Back in Nikko ai had time to grab a snack before getting on the
4:50 train back to Tokyo. i was in Tokyo by
7:30 and in Azubuguban by
8:45 very ready for a showr and bed. unfortunelty this was not to be - or more corectly not untill much later - as Keir had not hid the key outside I was unable to get into his flat. After calling Keir he was able to leave work and get home by
10:30. I needed to find a way to ocupy myself for an hour and a half. I had managed to run out of money and only had ¥456 on me, banks are colsed after five and I was not shore were the closest seven eleven was. ¥456 in not enough yen to get you much from a cafe in Japan so hiding in a cafe was not an option. In the end I went to the convenience store bout some yoghurt then went to a vending machine to get a hot chocolate. I then wrapped up in my coat in the outdoor stair well to Keir's apartment and listened to music and played games ( cogs and set ) on my ipad until Keri came home.

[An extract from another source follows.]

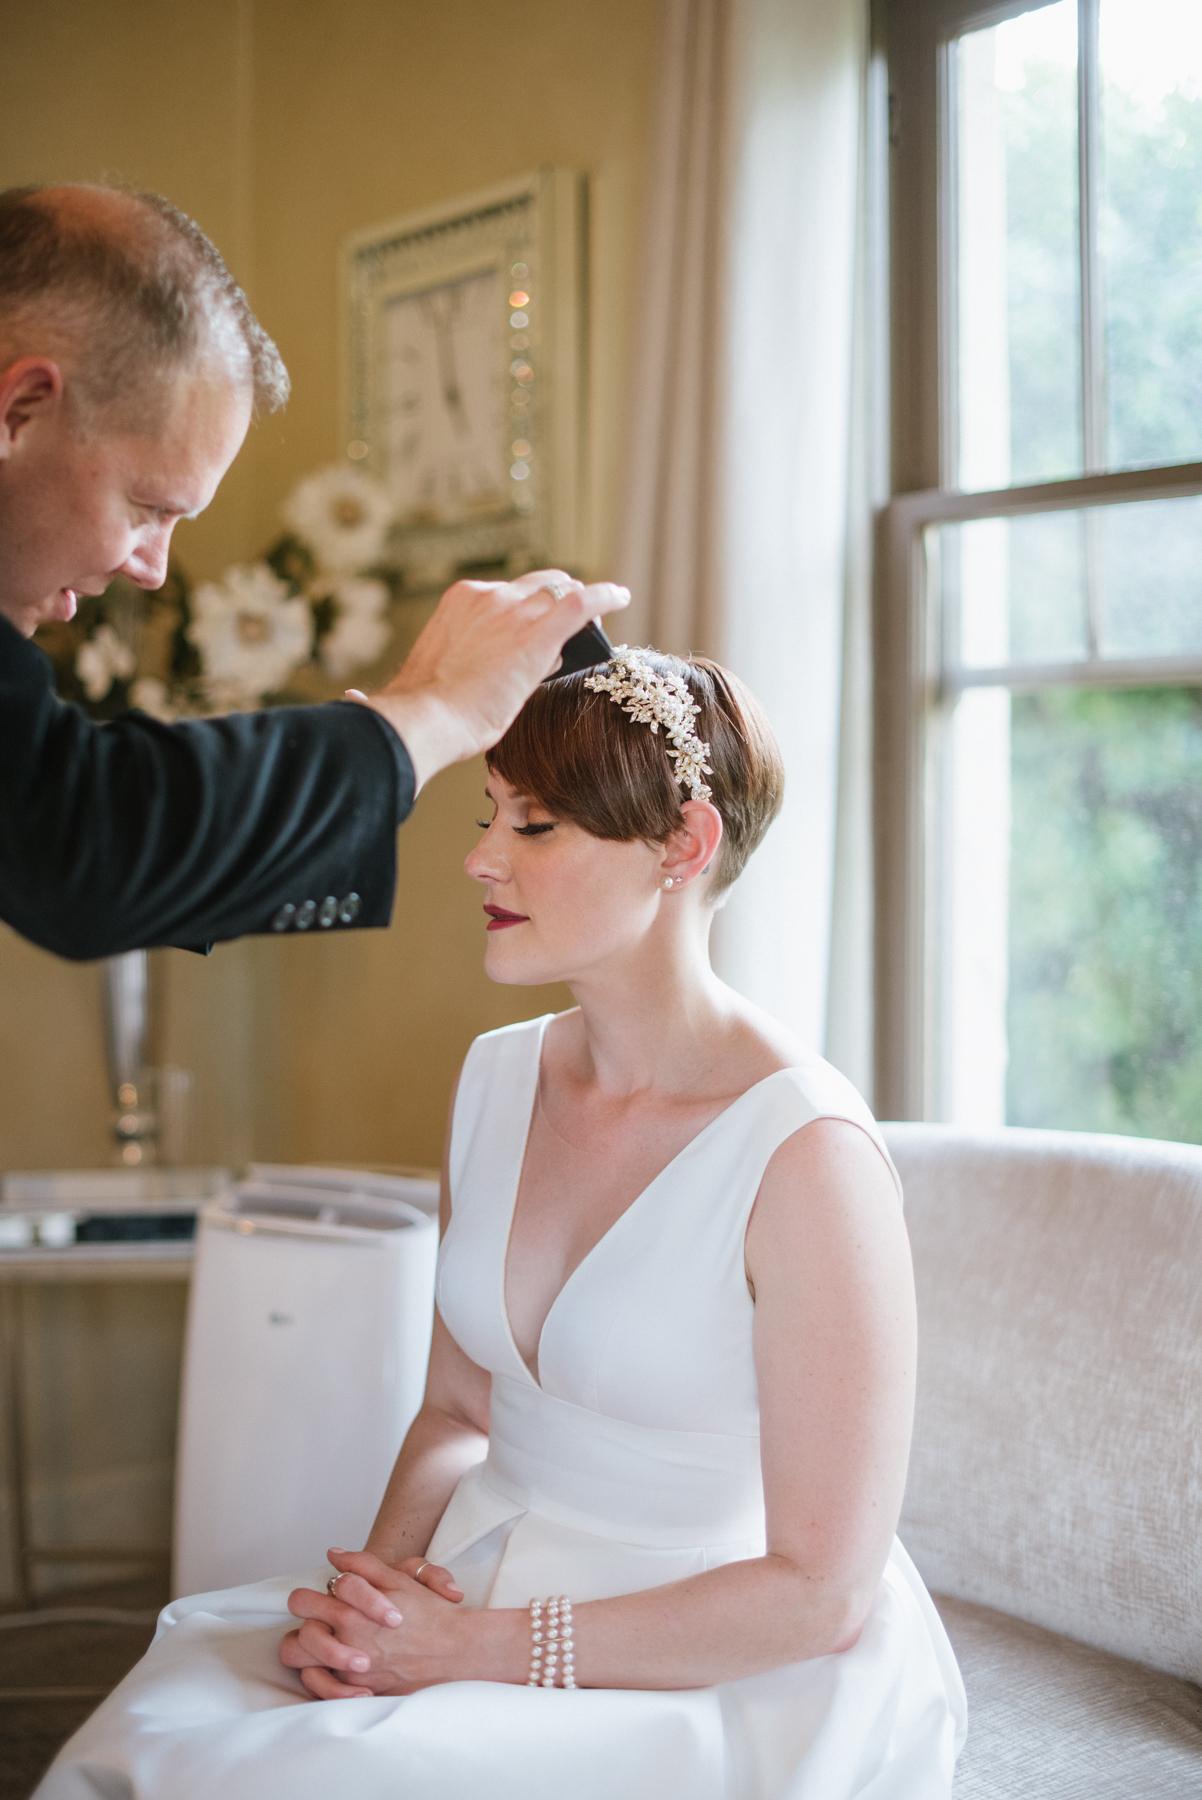 Secret Garden Event Center Wedding - Meredith Amadee Photography-13-2.jpg

Today after a very big sleep in -awake
at 10am and in bed until 11am- Keir and I went out for brunch to my favourite vegetarian restaurant in Azabujuban.

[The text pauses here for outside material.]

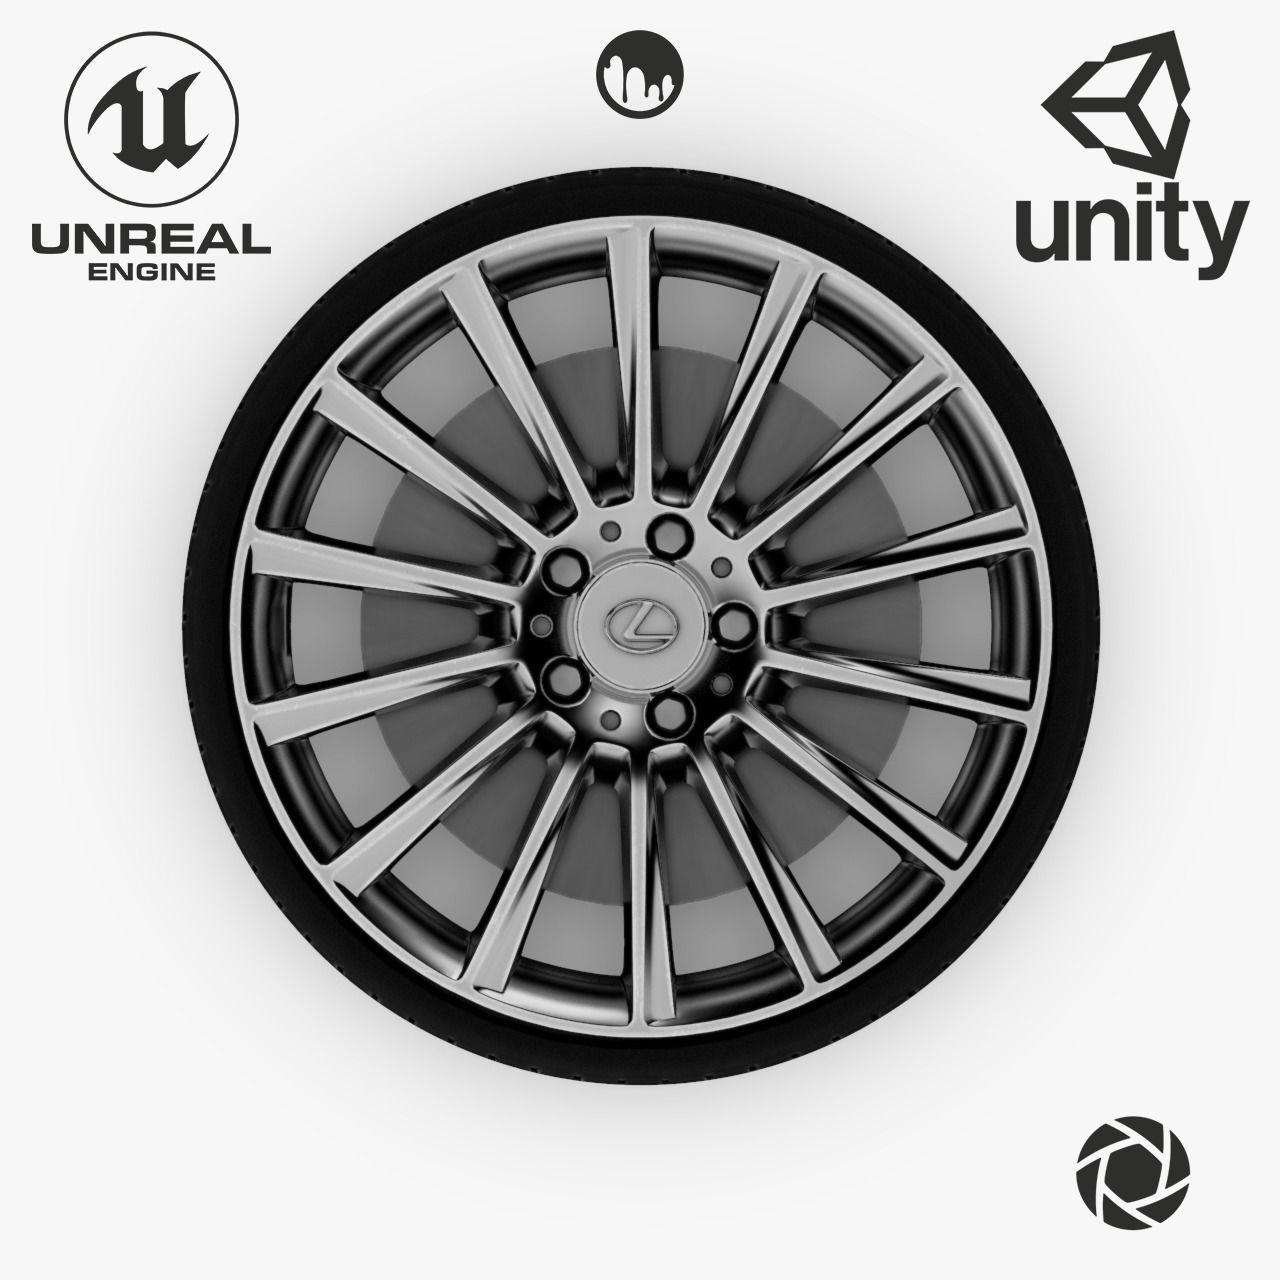 Wheel Steel-Chrome Alloy Rim Lexus 19 inch Michelin based Tire

At 1:30pm Keir and I parted ways, he to work and me to a garden. I spend three hours in the Koishikawa gardens, listening to music, looking at the view and painting. It was a very pleasant way to spend a day. Once the garden closed I took to metro to Shibuya in such of a jazz cafe. Unfortunately I have been unable to find the cafe but I did find a craft shop selling lots a funky material. An hour or so later I exited the shop, with some great fabric which you will see turned into some summer dresses and skirts ( with the help of Stephi). Shibuya at night is truly a spectacular sight, neon signs light up the side of buildings. The amount of people out of the streets even now
at 9:30pm is amazing ( I write this is a second story cafe looking down on all the pedestrians).
The intersection near the train station is terrifying I don't think I have ever see so many people moving all at once outside of a sports or movie event. There must have been hundreds of people crossing the road when the lights went green. Think of Flinders street station intersection times ten or twenty, it was full on. I got to watch all the people crossing the road from the second story of the train station, it s fascinating to watch the flow of people and how they have to more around cars that have been cought in the intersection. Well I think Ill call it a night for this blog, it is
9:45 and I still need to get back to Azabujuban. I send lots of love, Acushla.